**About this exercise:**
Pictures do not belong in the copy; retype the records below exactly.

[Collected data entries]
····················

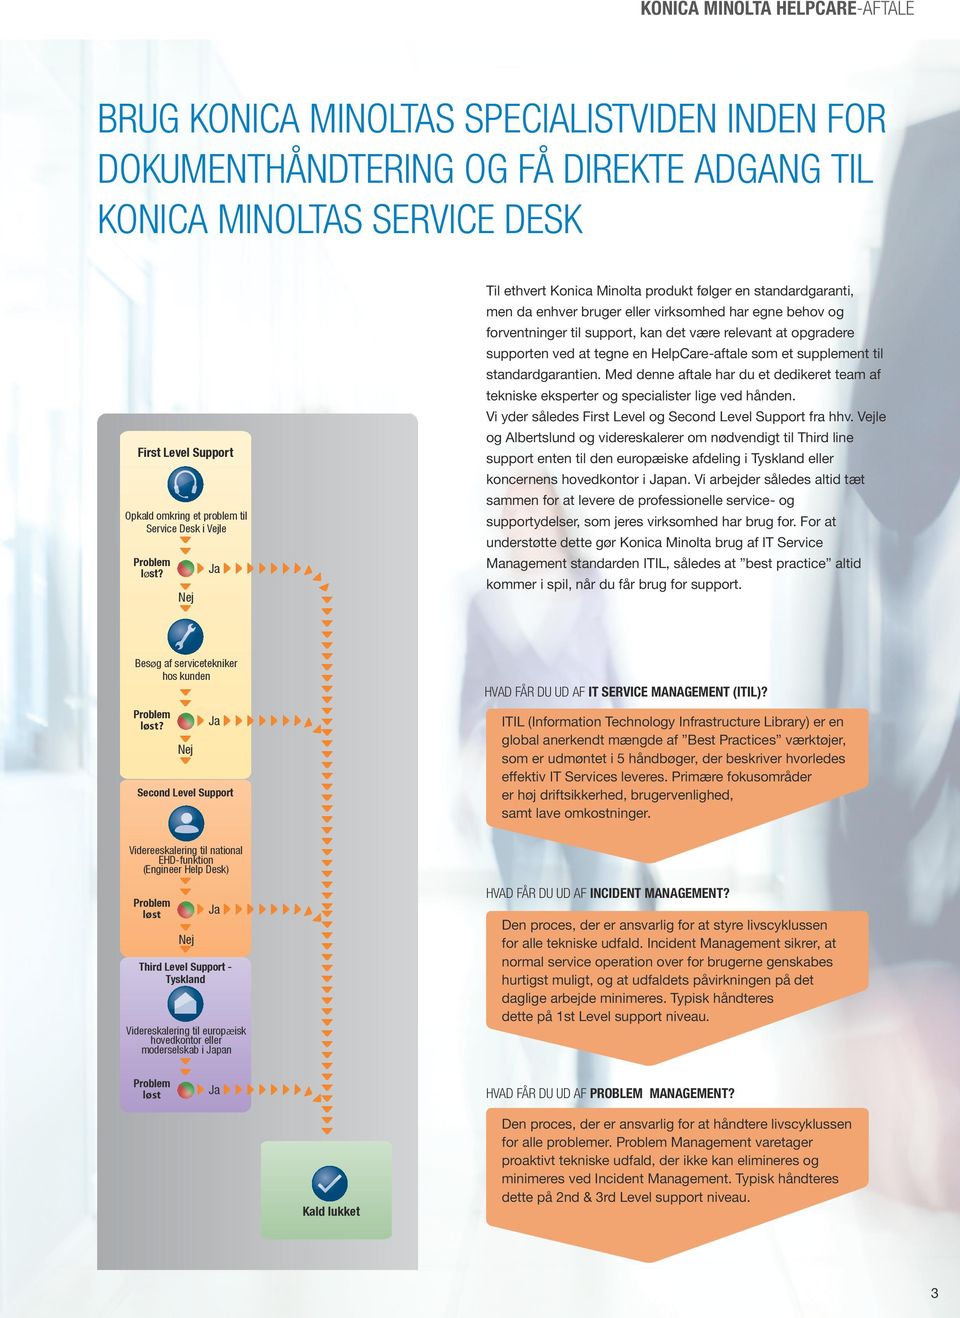 Nej Ja Til ethvert Konica Minolta produkt følger en standardgaranti, men da enhver bruger eller virksomhed har egne behov og forventninger til support, kan det være relevant at opgradere supporten
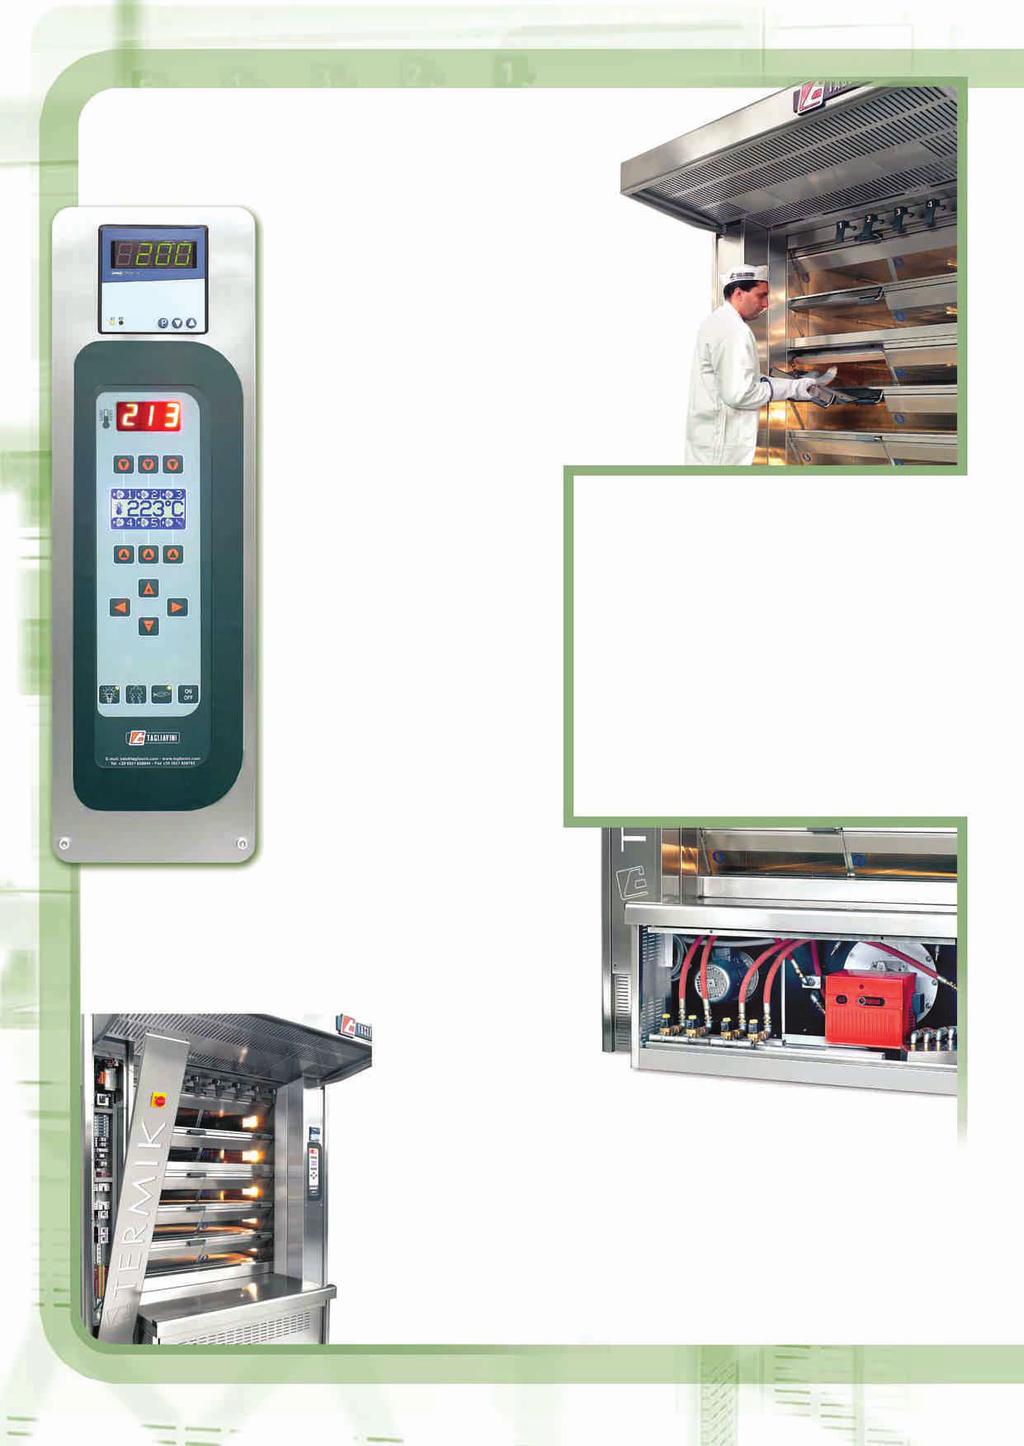 La centralina digitale standard, permette: - Controllo della temperatura tramite una sonda posta direttamente nella camera di cottura.
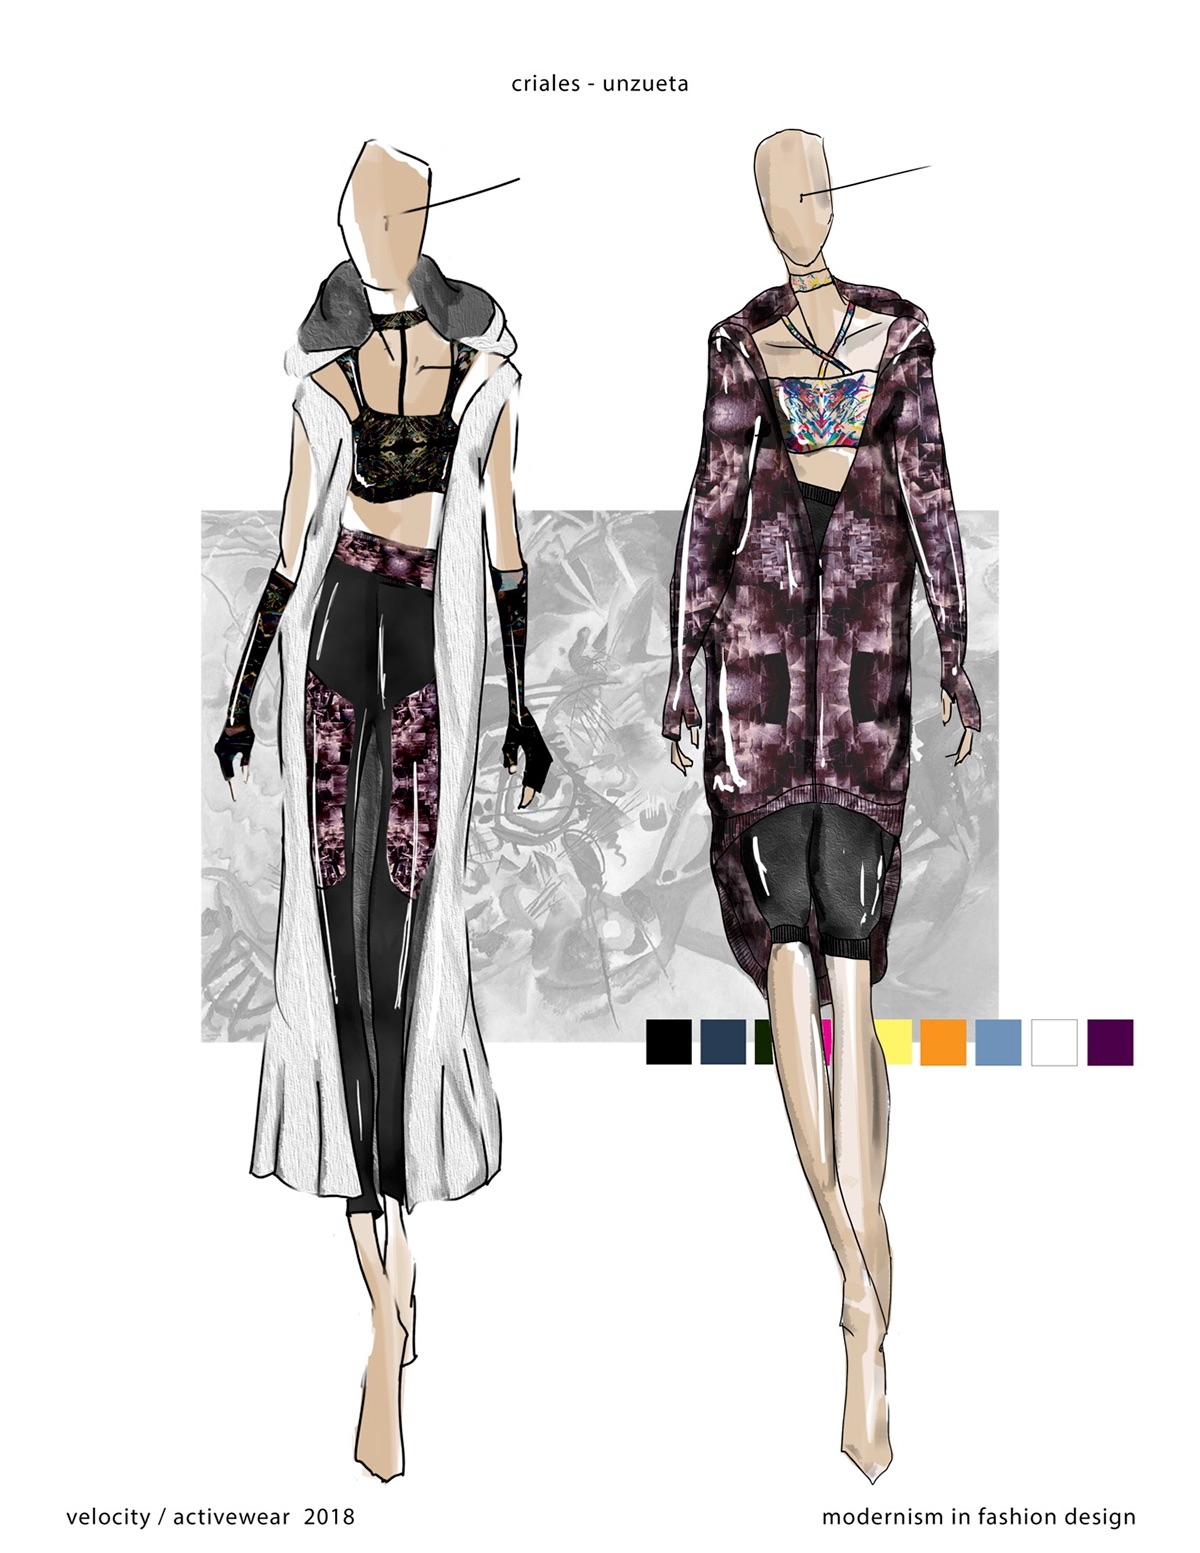 activewear 20thcentury fashionillustration DigitalIllustration cad
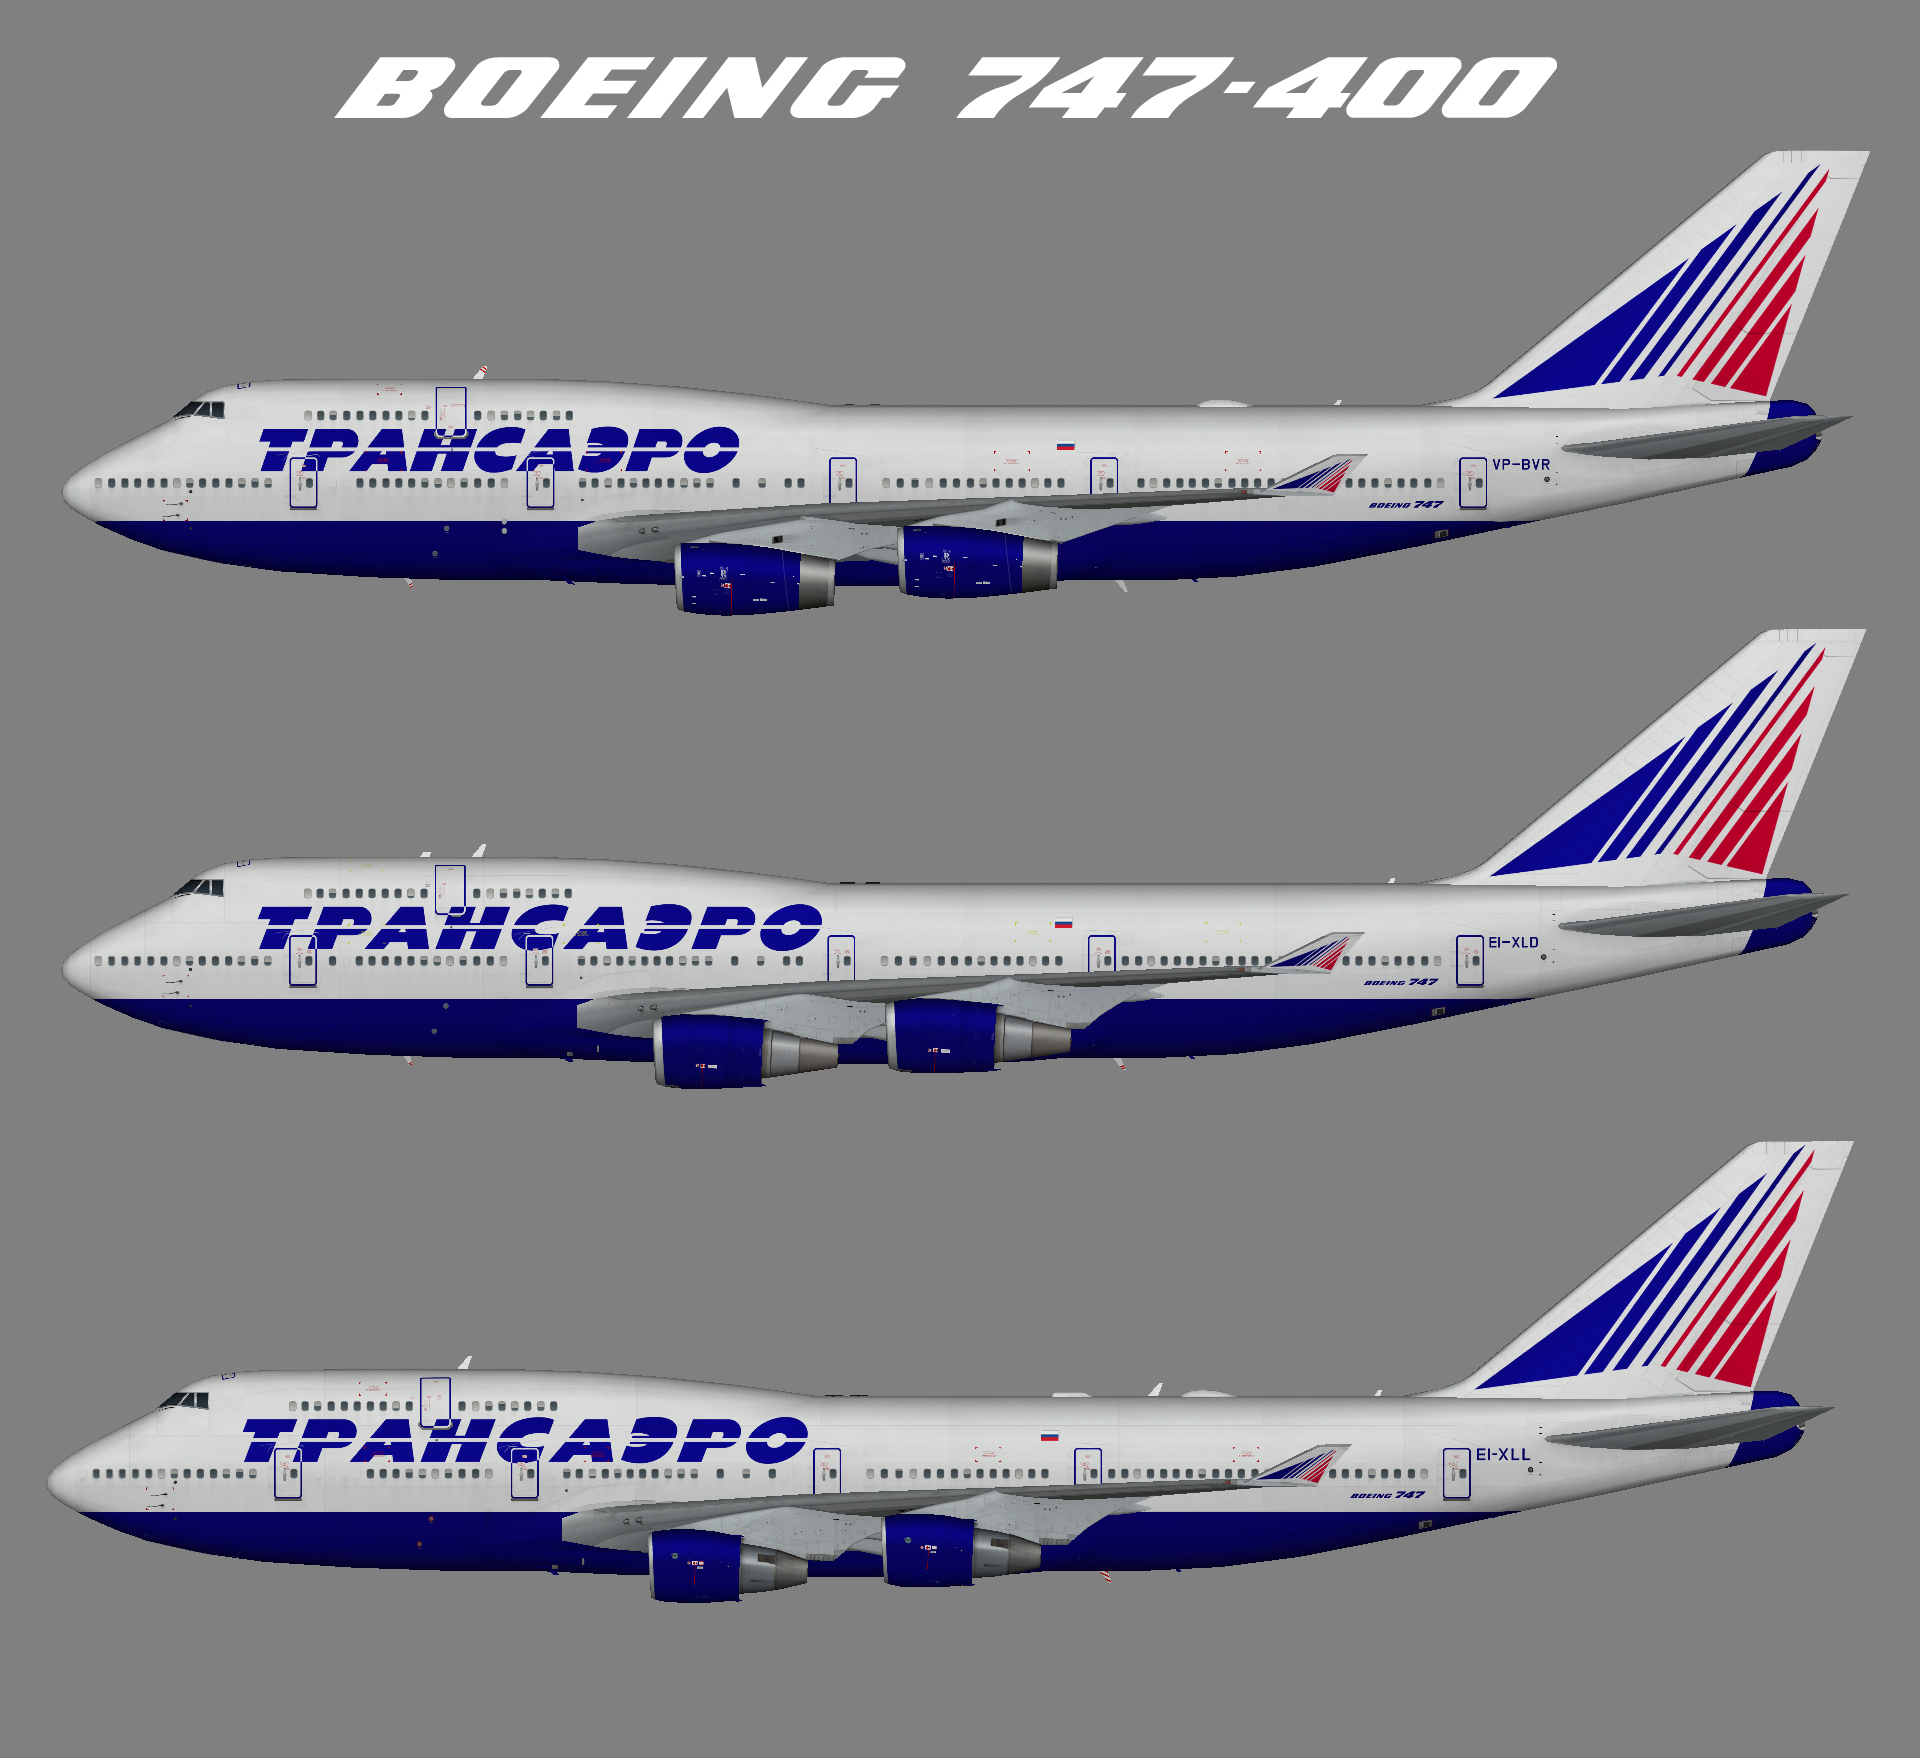 Transaero Airlines Boeing 747-400
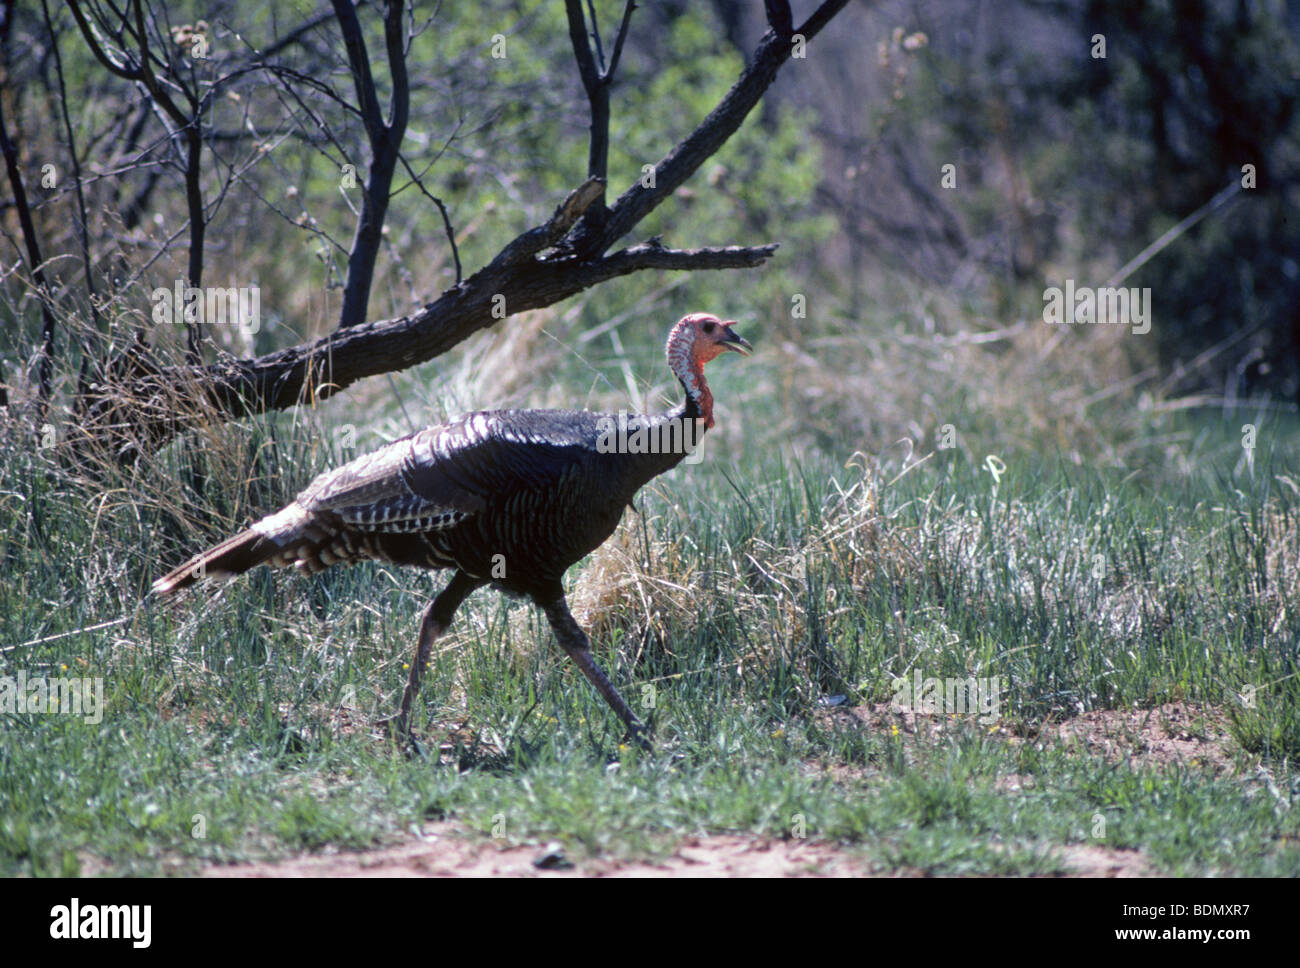 Un jeune homme sauvage ou tom american turquie, également appelé jake la Turquie, Meleagris gallopavo, dans un paysage au Texas Banque D'Images

····················

**Response to this exercise:**
 Nej Ja Til ethvert Konica Minolta produkt følger en standardgaranti, men da enhver bruger eller virksomhed har egne behov og forventninger til support, kan det være relevant at opgradere supporten
 La centralina digitale standard, permette: - Controllo della temperatura tramite una sonda posta direttamente nella camera di cottura.
 activewear 20thcentury fashionillustration DigitalIllustration cad
 Transaero Airlines Boeing 747-400
 Un jeune homme sauvage ou tom american turquie, également appelé jake la Turquie, Meleagris gallopavo, dans un paysage au Texas Banque D'Images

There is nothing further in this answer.